Directions:
Under this line are the records; repeat exactly the lines starting at the one containing "Joseph Stalin, Generalsekretär" and ending at the one containing "Un petit et", omitting pictures.

Study material:
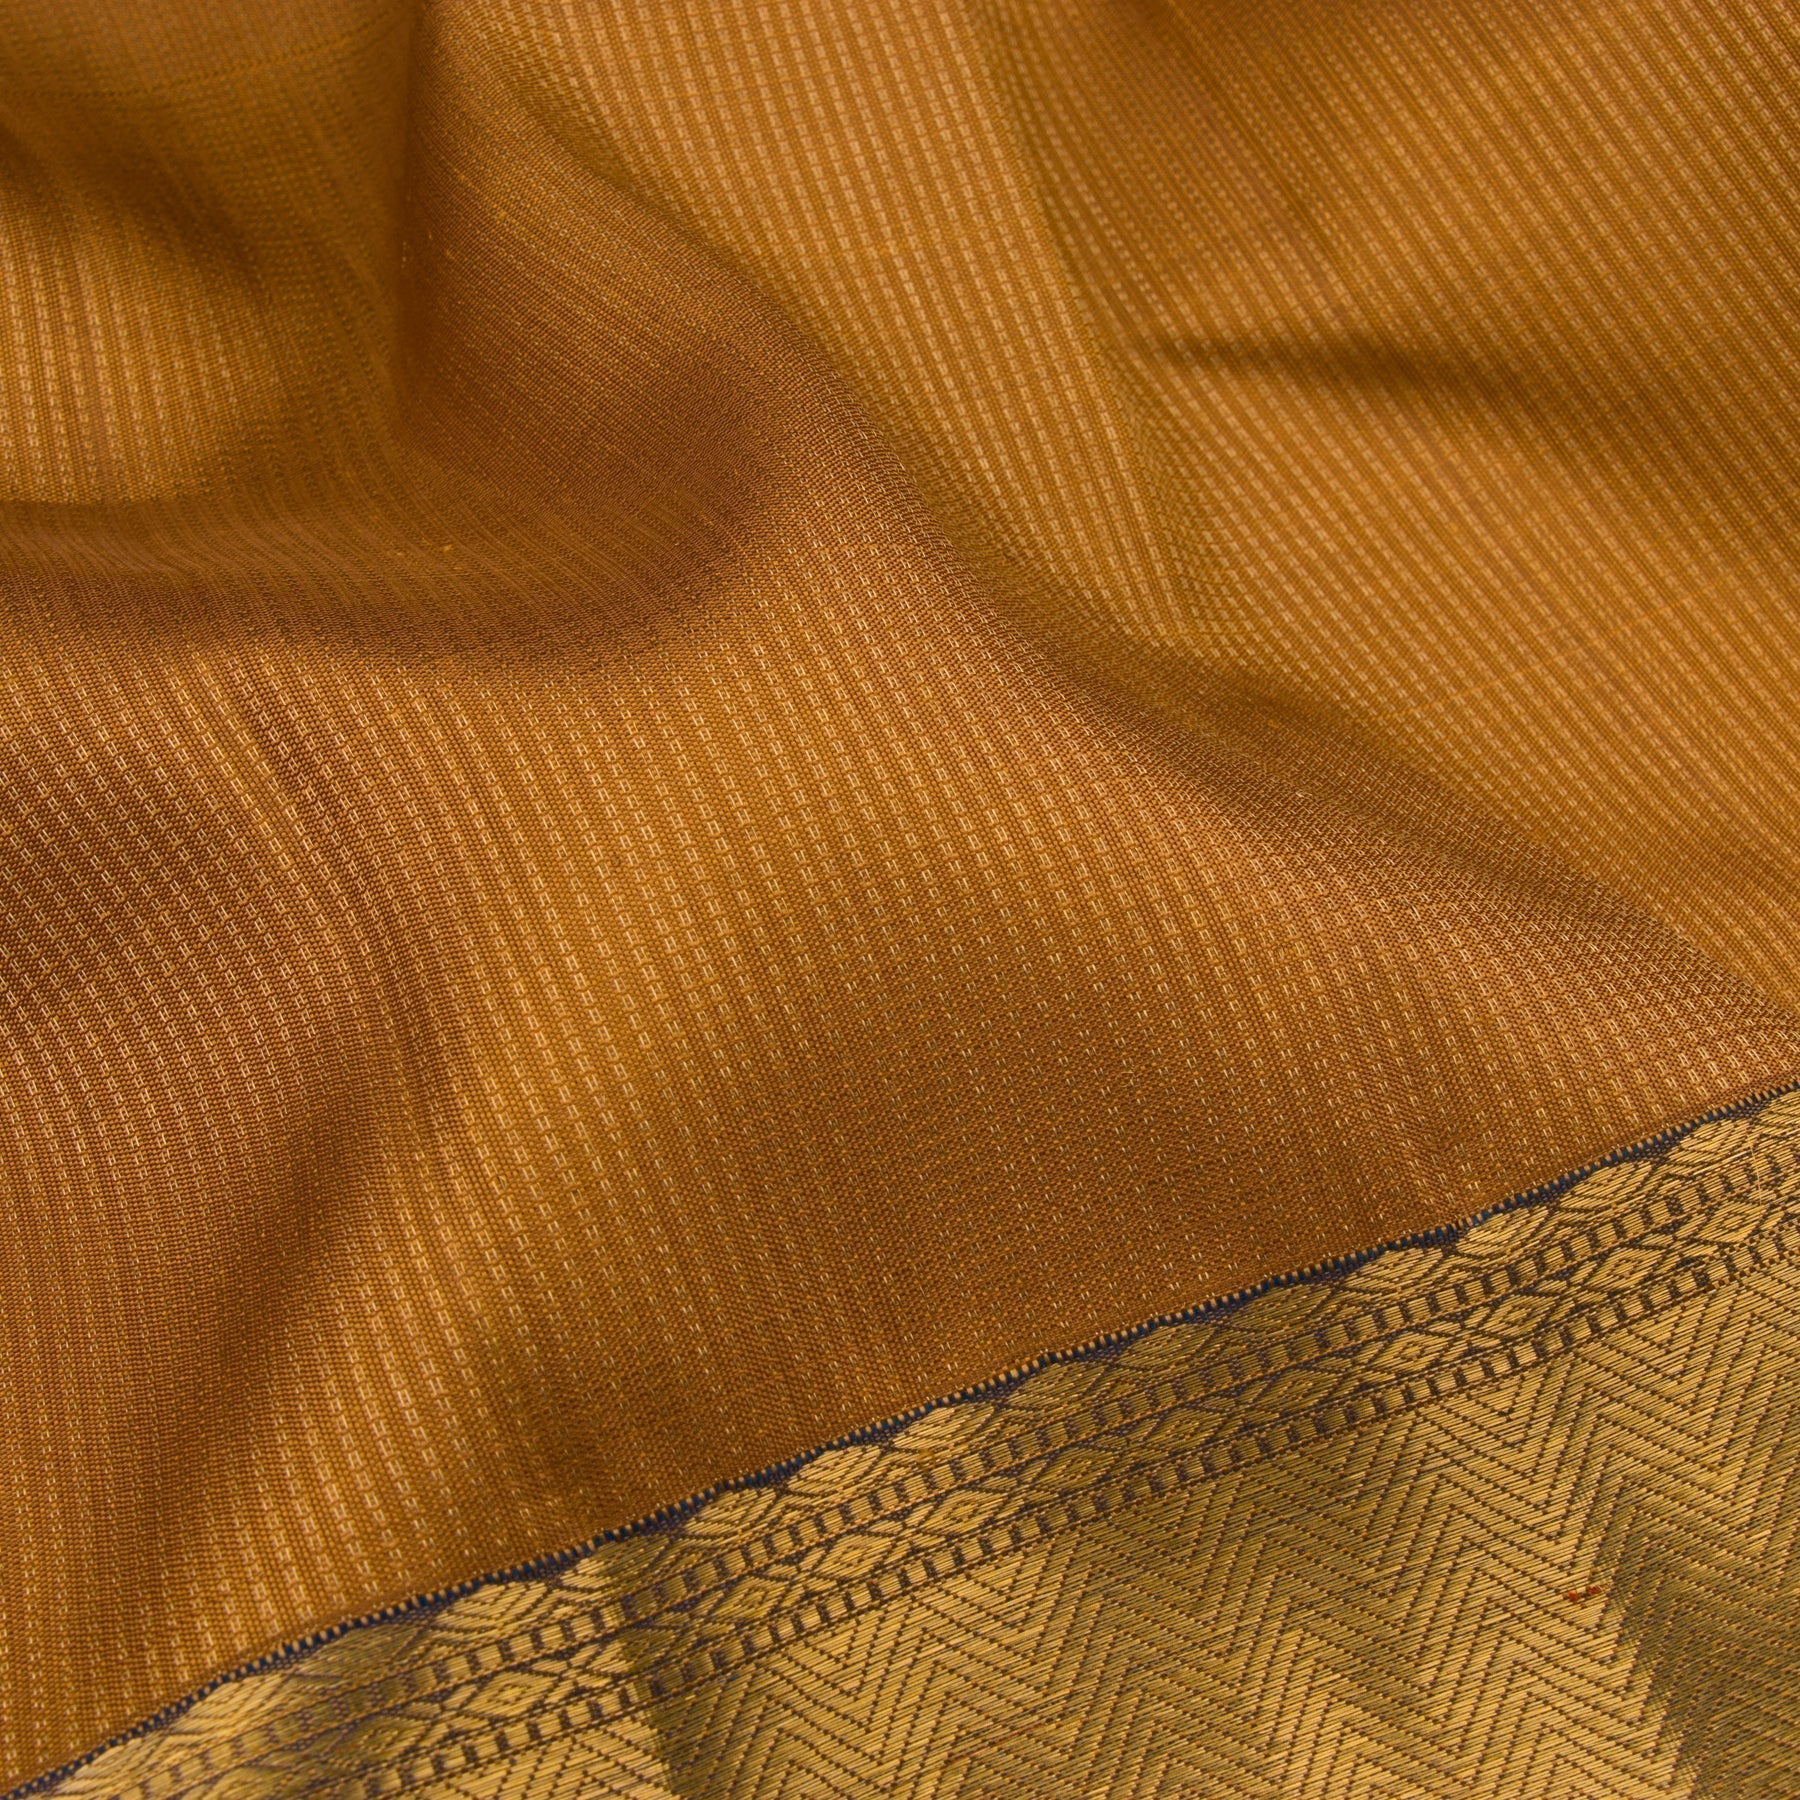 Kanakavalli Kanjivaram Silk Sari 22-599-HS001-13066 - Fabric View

...

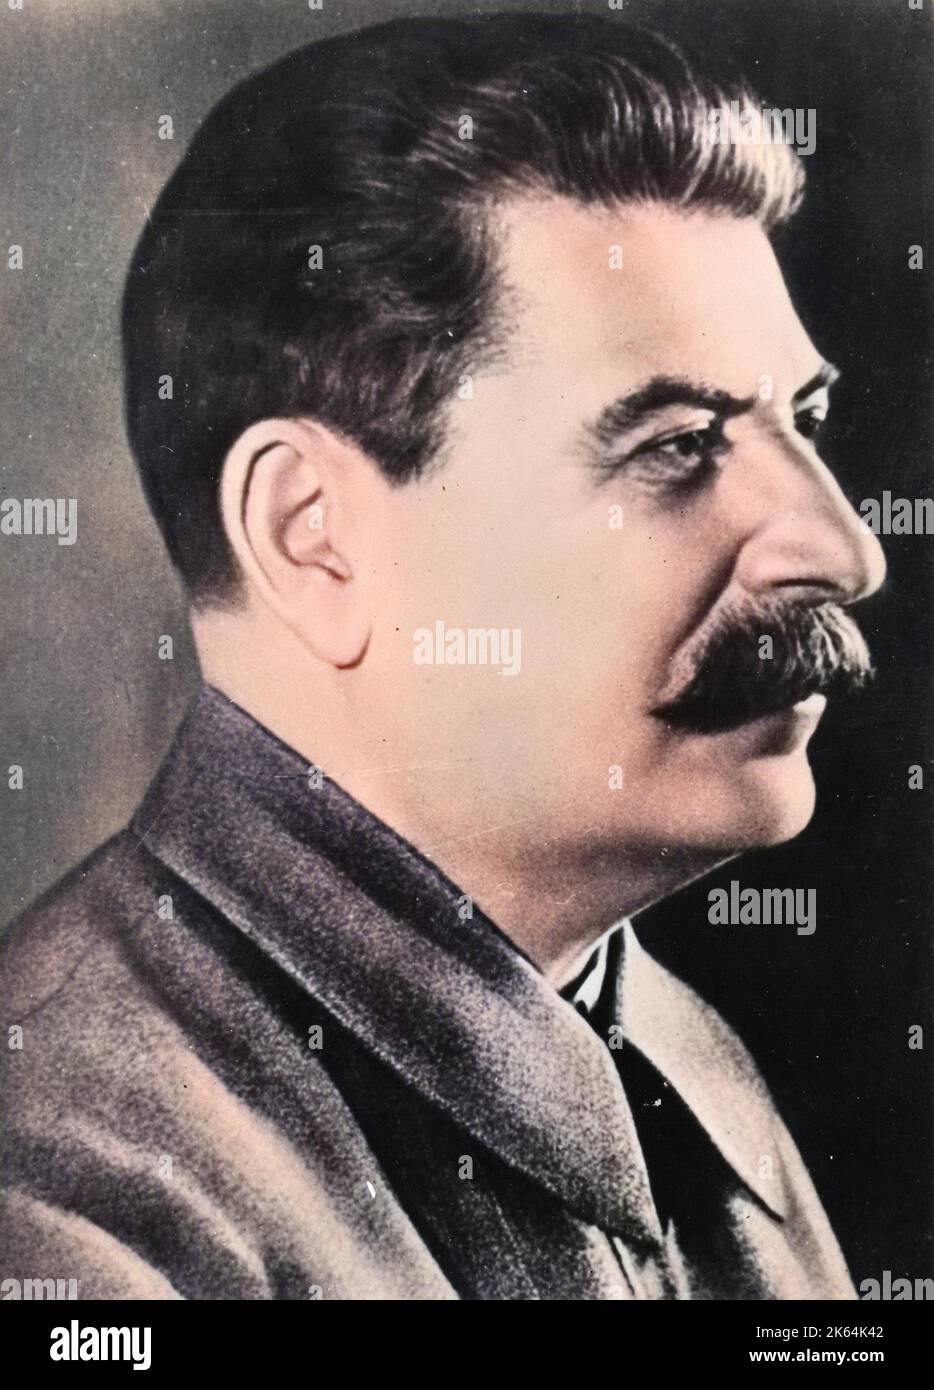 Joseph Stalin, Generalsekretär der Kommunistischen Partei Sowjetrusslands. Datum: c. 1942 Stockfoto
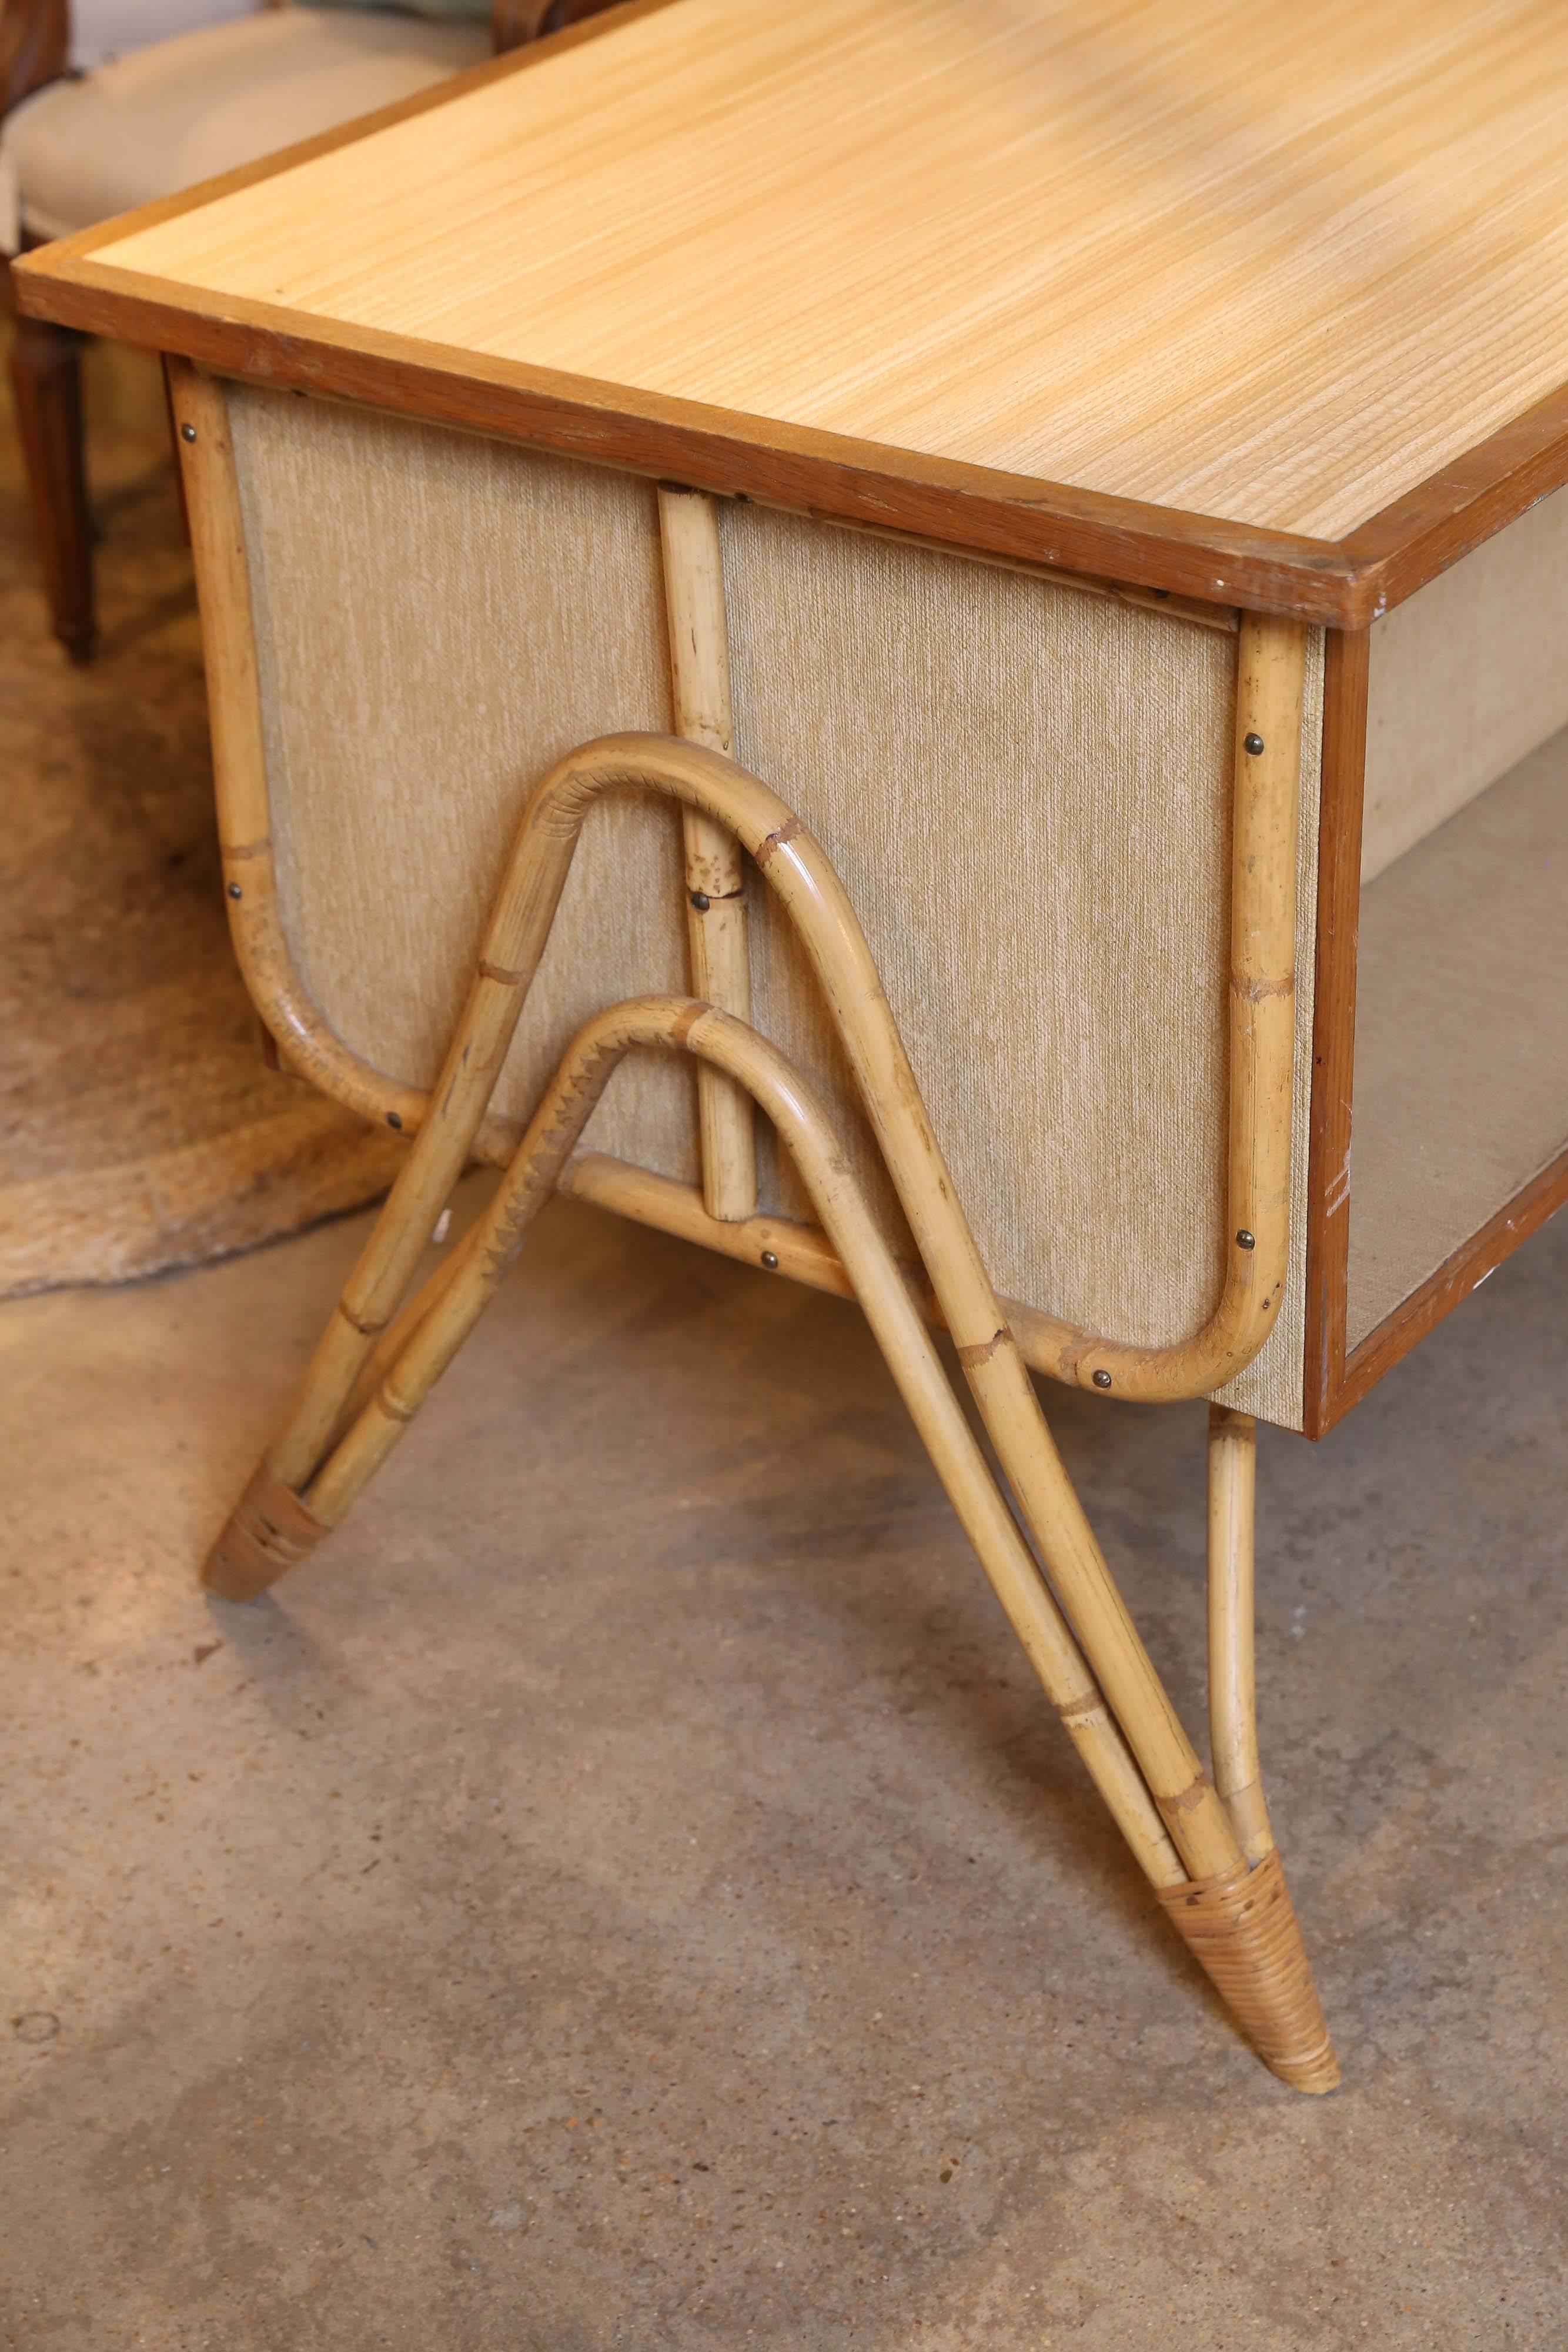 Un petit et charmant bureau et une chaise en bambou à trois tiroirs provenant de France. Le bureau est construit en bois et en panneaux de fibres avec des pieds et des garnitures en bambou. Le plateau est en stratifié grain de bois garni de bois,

Solution:
 Joseph Stalin, Generalsekretär der Kommunistischen Partei Sowjetrusslands. Datum: c. 1942 Stockfoto
 Un petit et charmant bureau et une chaise en bambou à trois tiroirs provenant de France. Le bureau est construit en bois et en panneaux de fibres avec des pieds et des garnitures en bambou. Le plateau est en stratifié grain de bois garni de bois,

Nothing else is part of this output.